Personal information
- Born: December 17, 1988 (age 37) Austin, Texas, U.S.
- Listed height: 6 ft 0 in (1.83 m)
- Listed weight: 215 lb (98 kg)

Career information
- High school: Ashburnham (MA) Oakmont
- College: Massachusetts
- NFL draft: 2011: undrafted

Career history
- Cincinnati Bengals (2011)*; Omaha Nighthawks (2011); New York Jets (2012)*; Omaha Nighthawks (2012); New York Jets (2012–2013); Omaha Mammoths (2014);
- * Offseason or practice squad member only
- Stats at Pro Football Reference

= John Griffin (running back) =

American football player (born 1988)

John Anthony Griffin (born December 17, 1988) is an American former football running back. Who most recently played for the Omaha Mammoths of the Fall Experimental Football League. He signed with the Cincinnati Bengals as an undrafted free agent in 2011. He played college football at Northeastern until transferring to the University of Massachusetts for his senior season.

==Early life==
He attended Oakmont Regional High School in Massachusetts where he just played one year on the varsity team. He broke the high school record for touchdowns in a single season with 25. He won a state title in the 100 meter dash and holds his highschool 100 meter and long jump record.

==College career==
He played his first three seasons at Northeastern and was named to the 2009 CAA First-team before transferring to the University of Massachusetts. He was named to the 2010 CAA Third-team and was a FCS Senior Bowl Preseason All-American while at the university of Massachusetts.

==Professional career==

===Cincinnati Bengals===
On July 27, 2011, he signed with the Cincinnati Bengals as an undrafted free agent. On September 3, 2011, he was released.

===Omaha Nighthawks===
He played for the Omaha Nighthawks of the United Football League for their 2011 season.

===New York Jets===
Griffin was signed to a future/reserve contract by the New York Jets on January 2, 2012. He was waived on August 8, 2012.
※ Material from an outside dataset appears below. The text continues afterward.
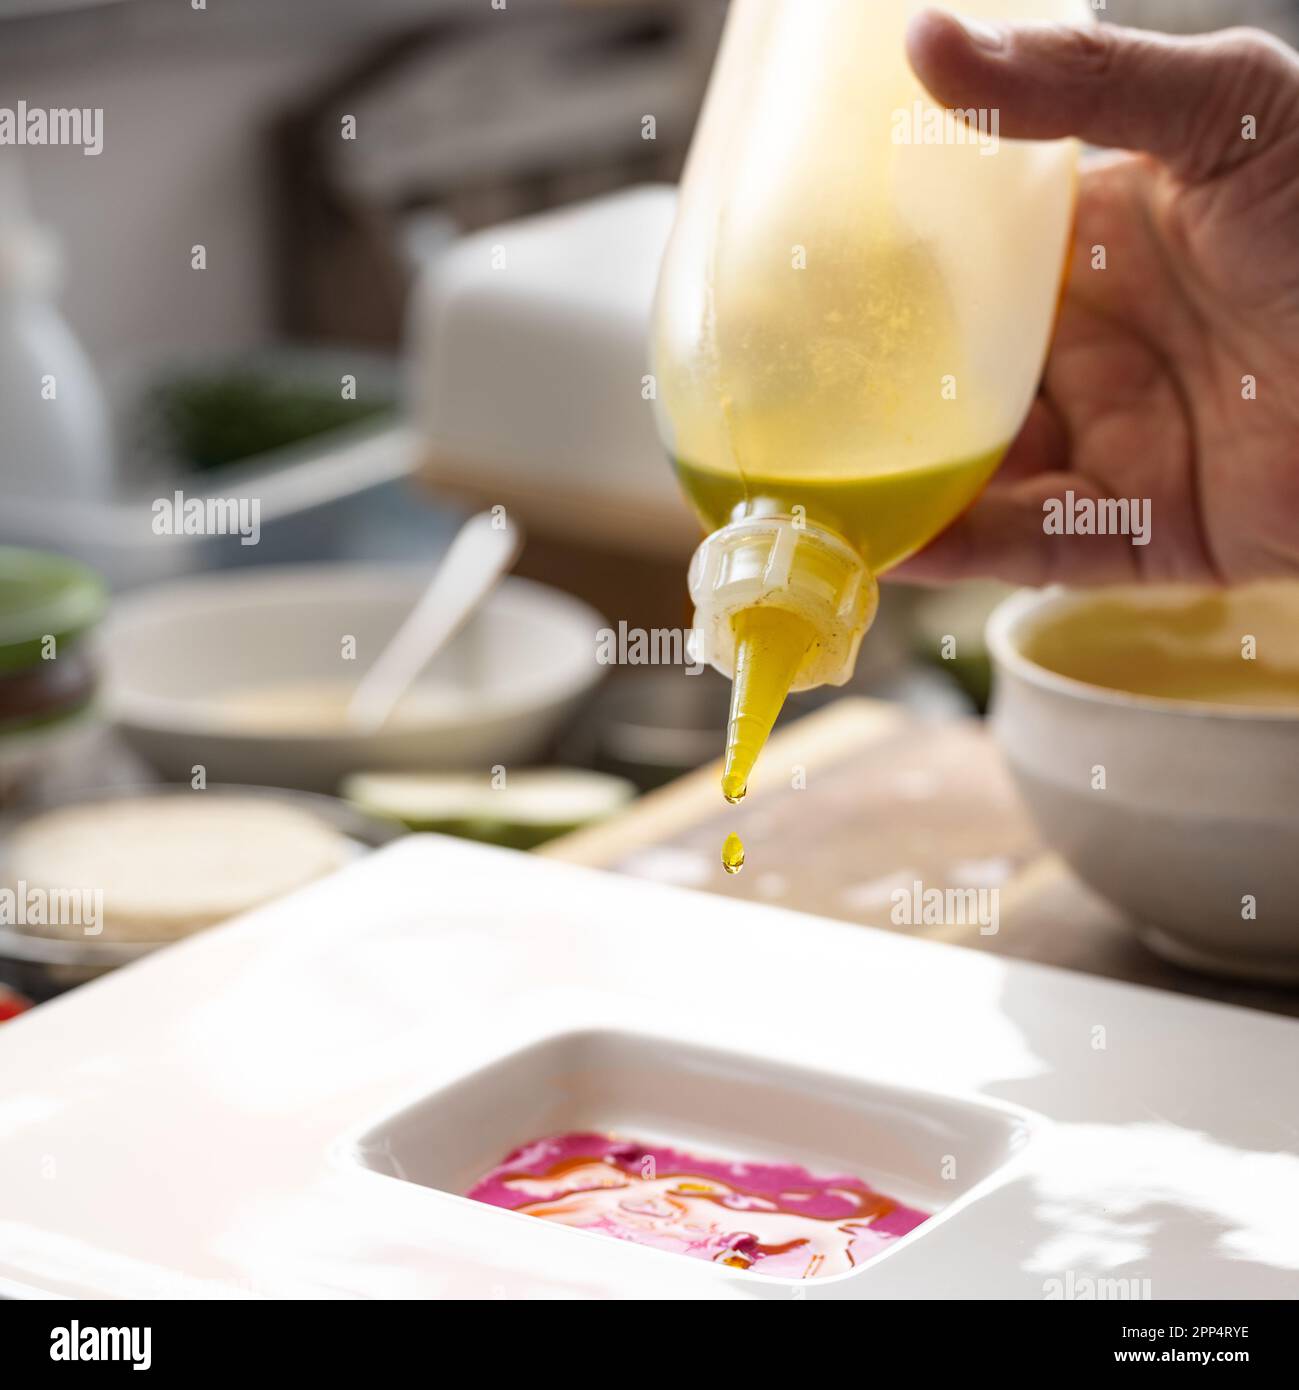 Gourmet chef dripping precious oil from a bottle into a beetroot sauce to prepare a menu course on a white plate, creative cooking concept, selected f Stock Photo

===Second stint with the Nighthawks===
He re-signed with the Omaha Nighthawks of the United Football League for their 2012 season.

===Second stint with the Jets===
Griffin was signed to the New York Jets' practice squad on November 5, 2012. He was signed to the active roster on December 28, 2012. On August 9, 2013, in the Jets' first preseason game against the Detroit Lions, Griffin suffered a broken leg. The injury occurred on a horse-collar tackle by linebacker Travis Lewis. Griffin was waived on August 11, 2013. He cleared waivers and was placed on the team's injured reserve list on August 13, 2013.